All more or less knowledgeable Python developers know about such a terrible thing as GIL. The global blocker of the entire process as long as Python is running in one of the threads. It gives stream-security methods comparable to sadism, because any implicit lock in a multithreaded application of death is similar, all that was based on parallel execution, dies in torment, stumbling over and over again on the GIL lock.
It is known that to this day, because of this sad fact, C ++ programmers use Python wrappers for the most part only in single-threaded applications, and Python programmers try to convince everyone that they live well enough.
It would seem that if the stream is generated in C ++, it does not know about any GIL, use Python without blocking and rejoice.

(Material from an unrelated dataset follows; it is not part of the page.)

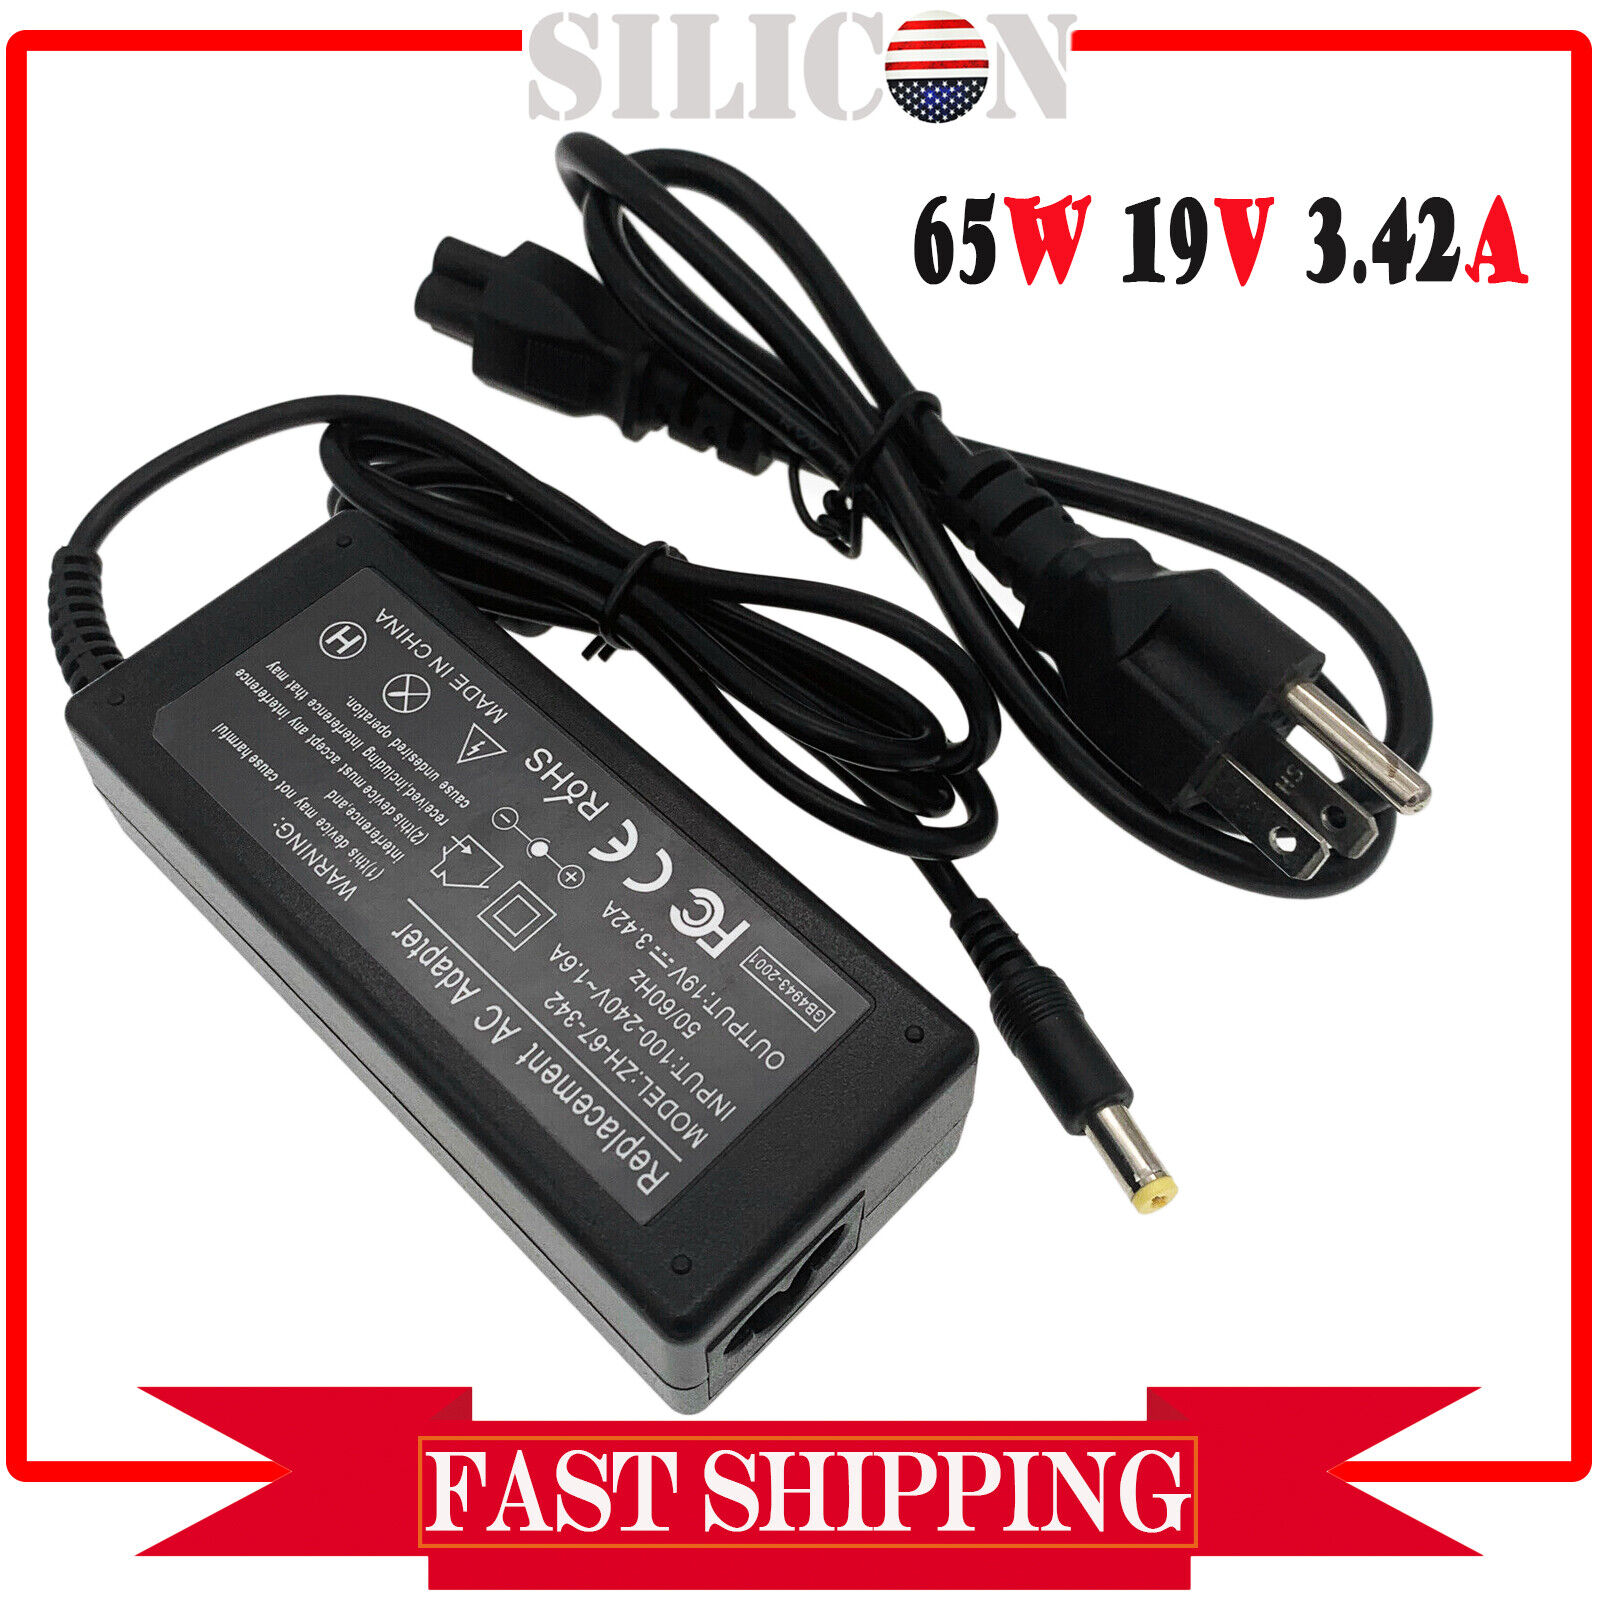 New AC Adapter For Gateway MS2274 MS2285 NV5214U Laptop Charger Power Cord

The developer’s joy, however, will end on the second thread that has requested the realm of global variables without blocking.
However, there is a path leading to a brighter future!
This path was originally in a language like Perl, it is also supported in the C-API of the Python language and I won’t mind why such a mechanism is not included in one of the standard Python modules! The method essentially reduces the use of various Python sub-interpreters in different streams, and using your GIL for everyone (!!!) without any shamanism and magic, simply by calling several functions and a standard set of C-API of the Python language!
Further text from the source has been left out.